EXERCISE DIRECTIONS —
Look below for the line containing "江苏省高级人民法院关于规范涉外商事案件集中管辖的意见". Write out that line and the rest through the last one, exactly as they appear, but without pictures.

(Stored data)
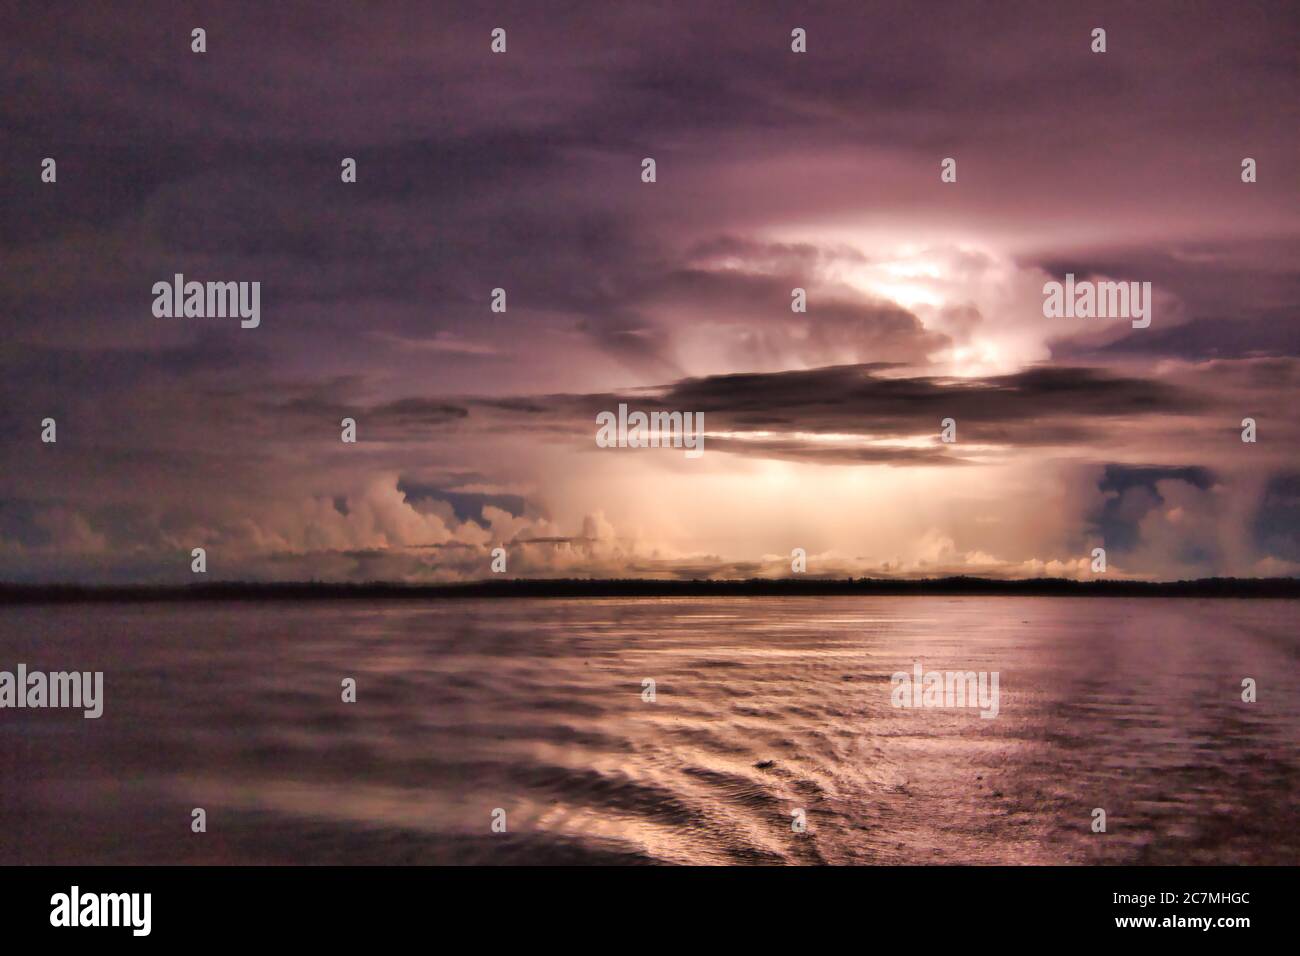 Sfreccia tra le nuvole di notte sul fiume Amazon che illumina le nuvole buie della tempesta dall'interno Foto Stock
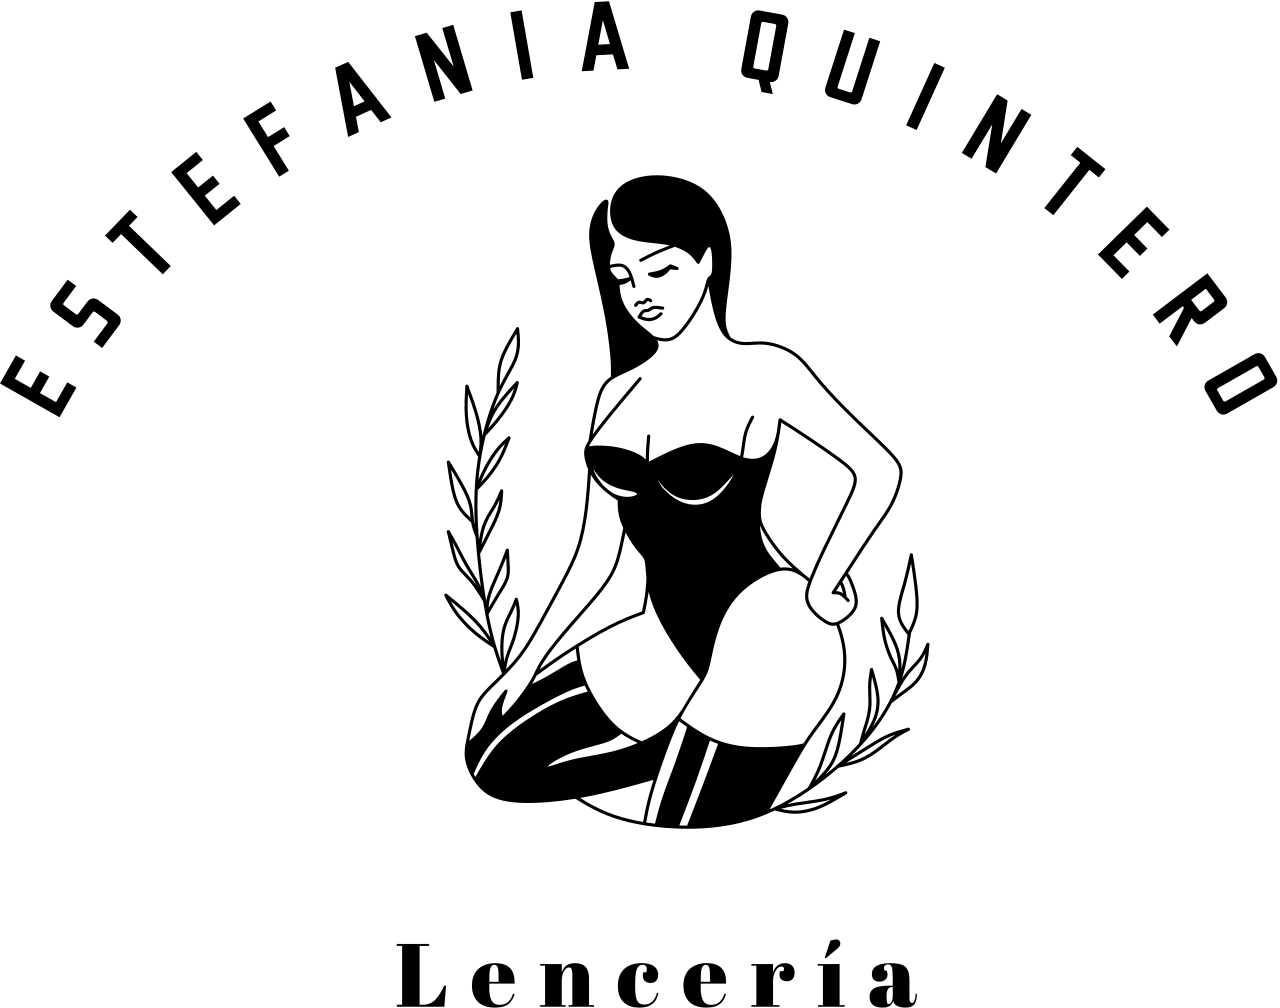 Estefania quintero's logo
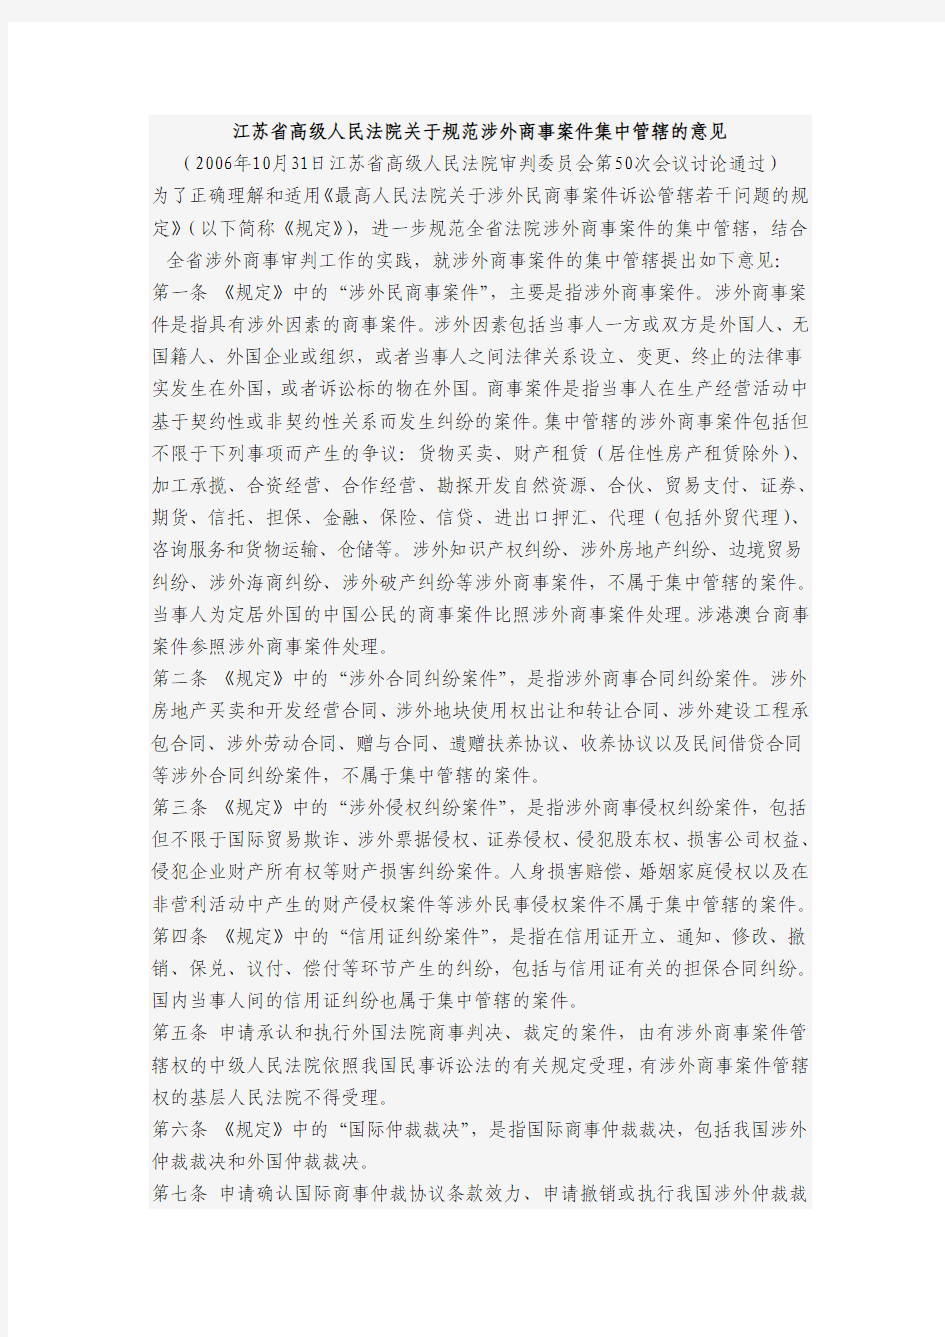 江苏省高级人民法院关于规范涉外商事案件集中管辖的意见
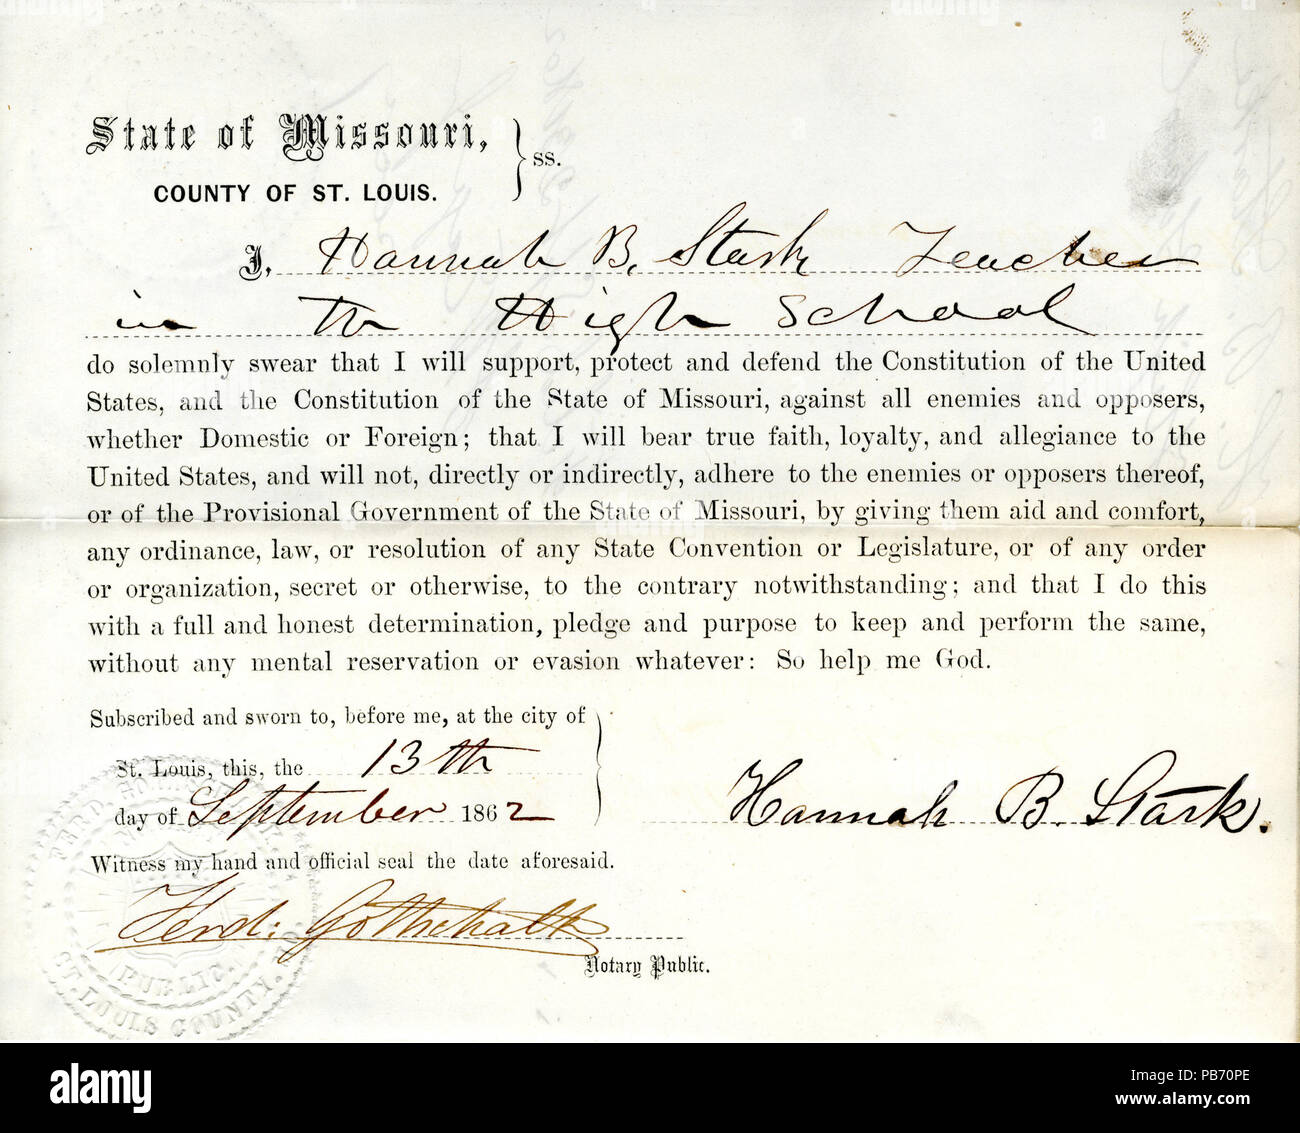 948 juramento de lealtad de Hannah B. Stark de Missorui, Condado de St.Louis Foto de stock
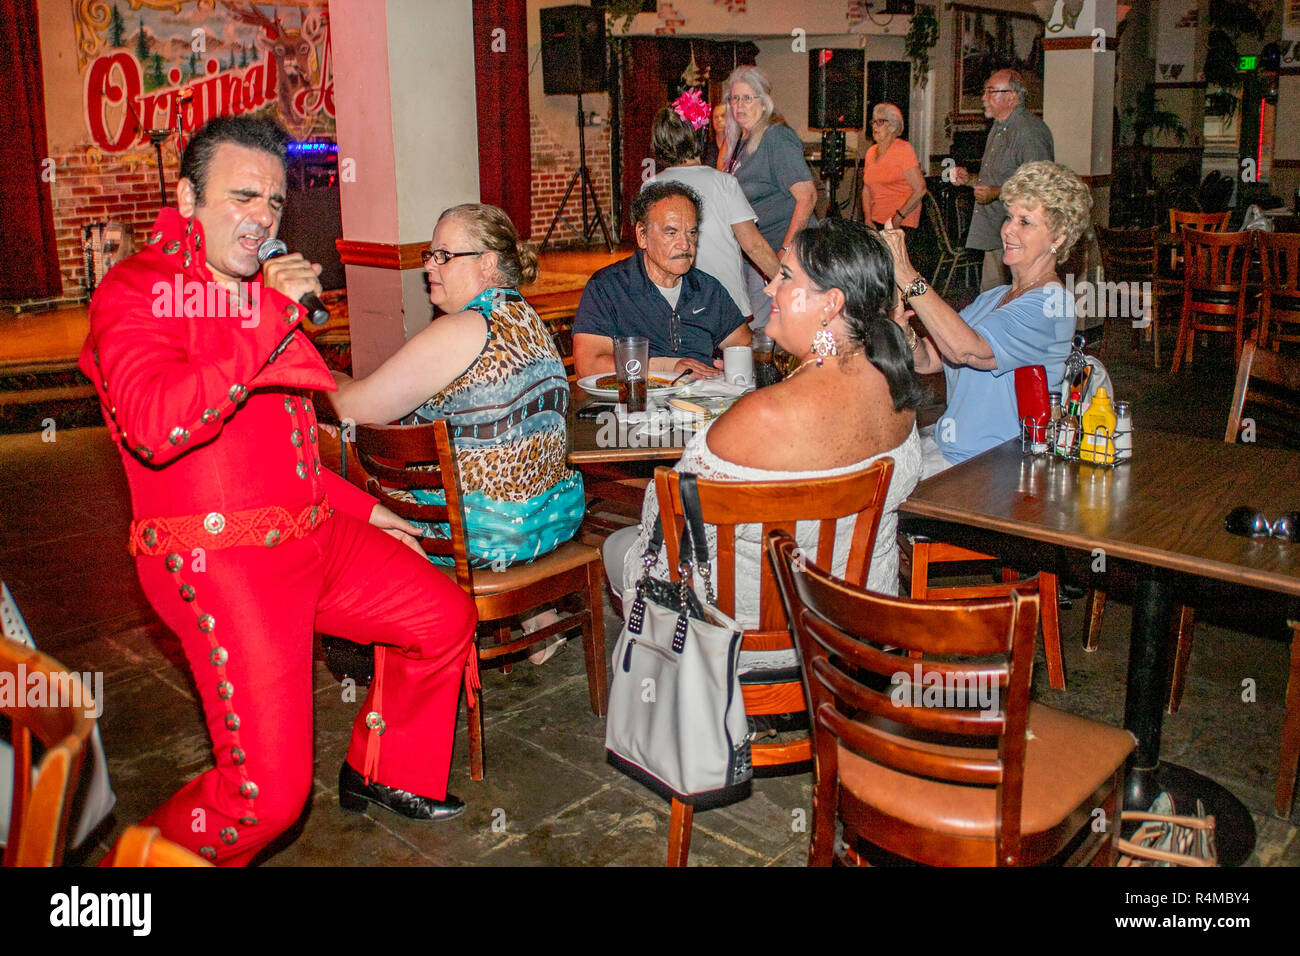 Das Tragen einer roten Overall, einer mittleren östlichen Amerikanischen Elvis Presley Imitator unterhält Erwachsene und Senioren bei einer Santa Ana, CA, Pub. Stockfoto

TASK RESPONSE —
 江苏省高级人民法院关于规范涉外商事案件集中管辖的意见
 948 juramento de lealtad de Hannah B. Stark de Missorui, Condado de St.Louis Foto de stock
 Das Tragen einer roten Overall, einer mittleren östlichen Amerikanischen Elvis Presley Imitator unterhält Erwachsene und Senioren bei einer Santa Ana, CA, Pub. Stockfoto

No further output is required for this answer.